Transcribe exactly the lines below that begin at the line with "How to Build" and stop after the line with "the Host Board", leaving out every picture.

[Opening Record extracts section]

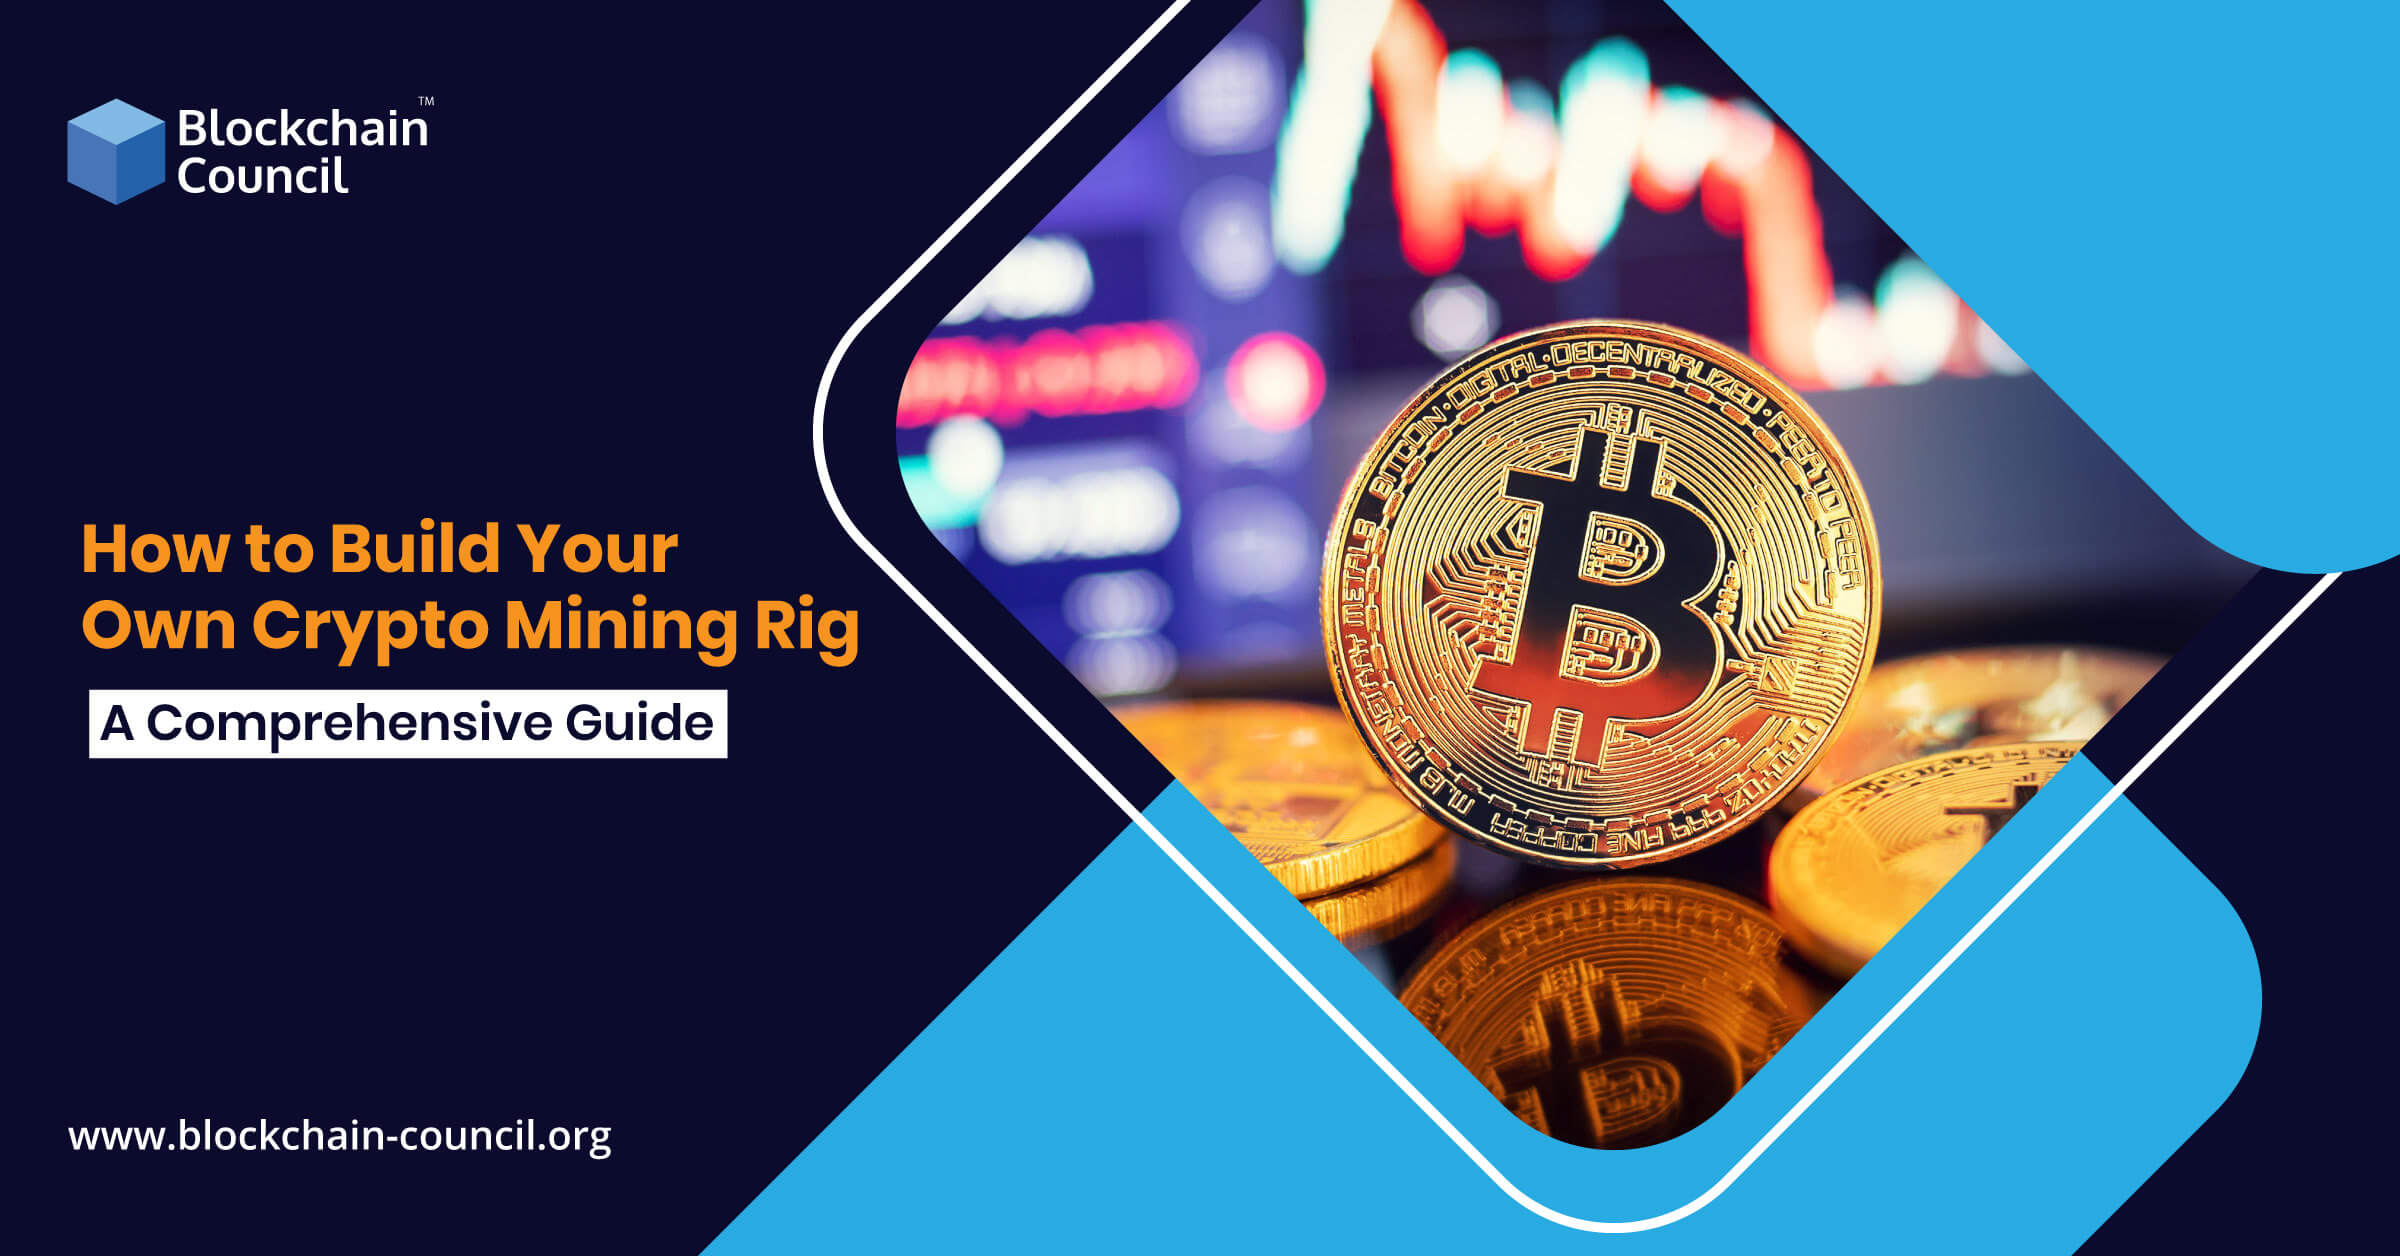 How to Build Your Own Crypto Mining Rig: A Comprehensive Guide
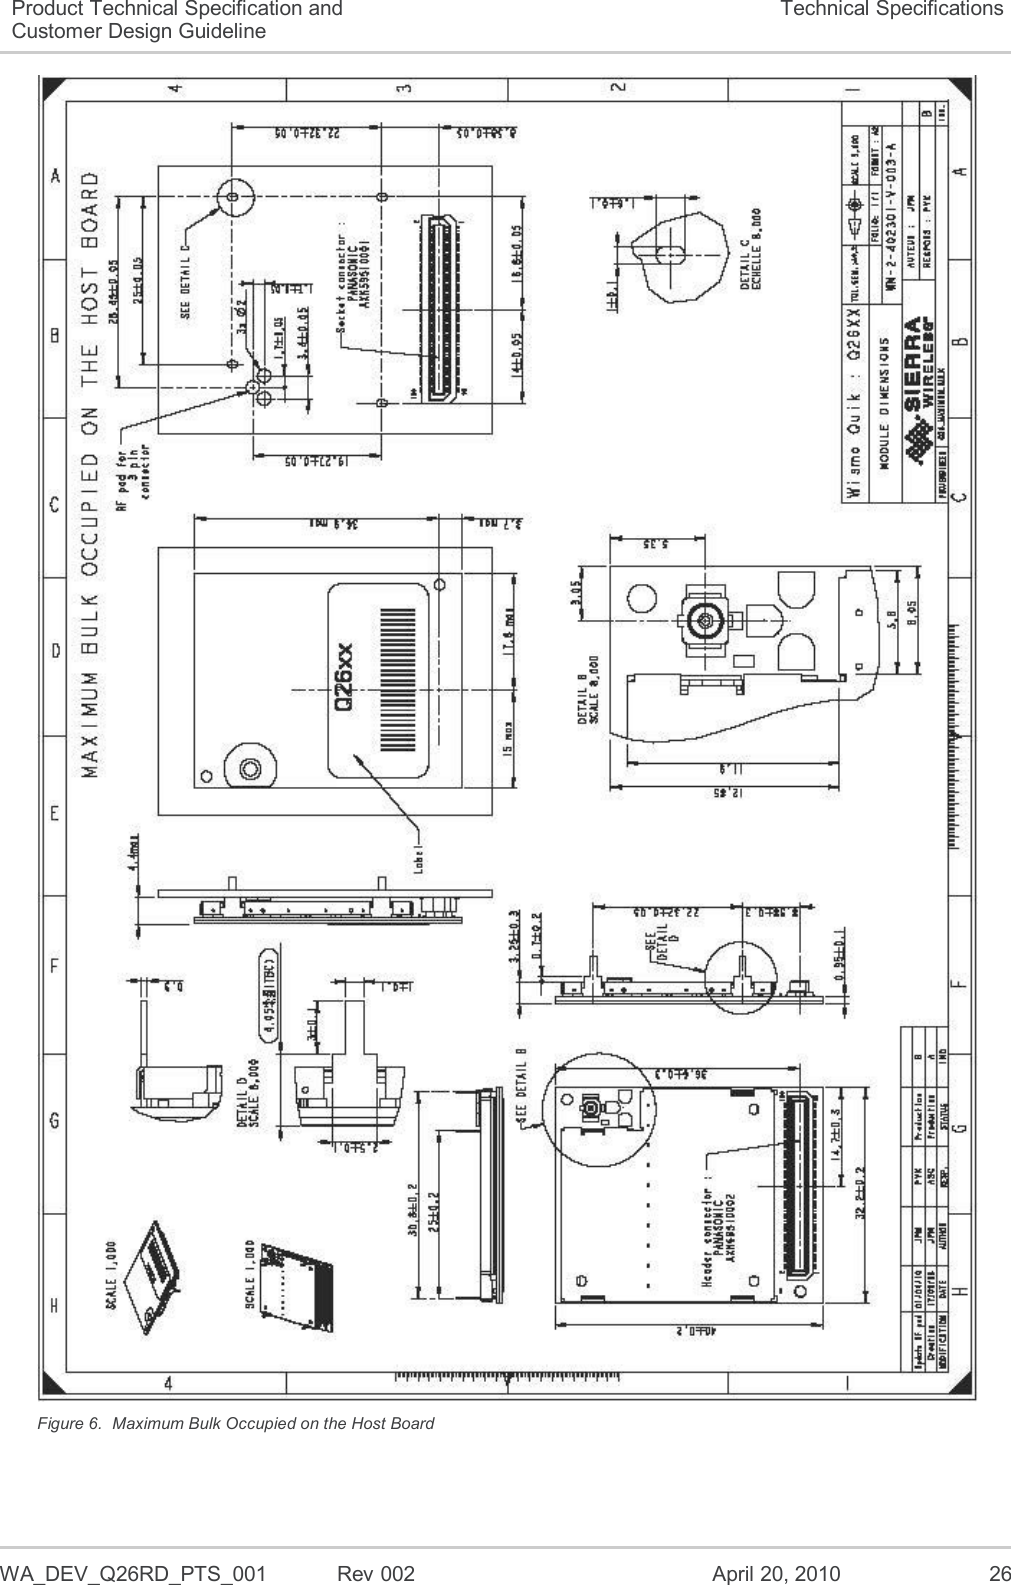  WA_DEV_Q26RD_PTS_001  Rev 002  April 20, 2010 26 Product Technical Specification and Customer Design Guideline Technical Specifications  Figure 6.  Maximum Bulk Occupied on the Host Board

[Closing Record extracts section]
[Opening Record extracts section]

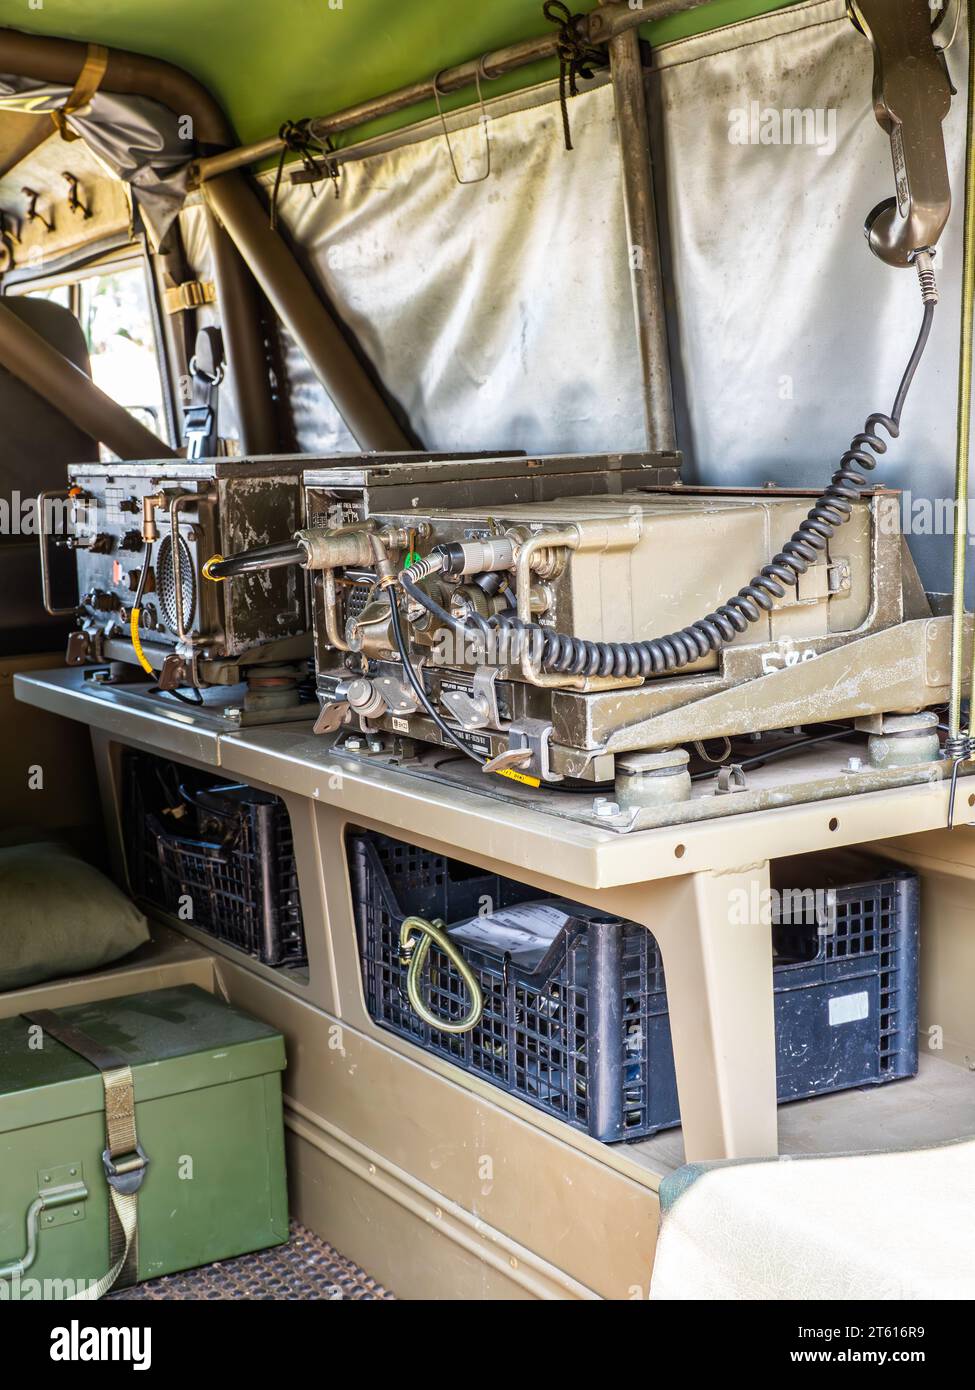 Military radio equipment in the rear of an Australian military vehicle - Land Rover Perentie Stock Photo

[Closing Record extracts section]

Answer below:
 How to Build Your Own Crypto Mining Rig: A Comprehensive Guide
  WA_DEV_Q26RD_PTS_001  Rev 002  April 20, 2010 26 Product Technical Specification and Customer Design Guideline Technical Specifications  Figure 6.  Maximum Bulk Occupied on the Host Board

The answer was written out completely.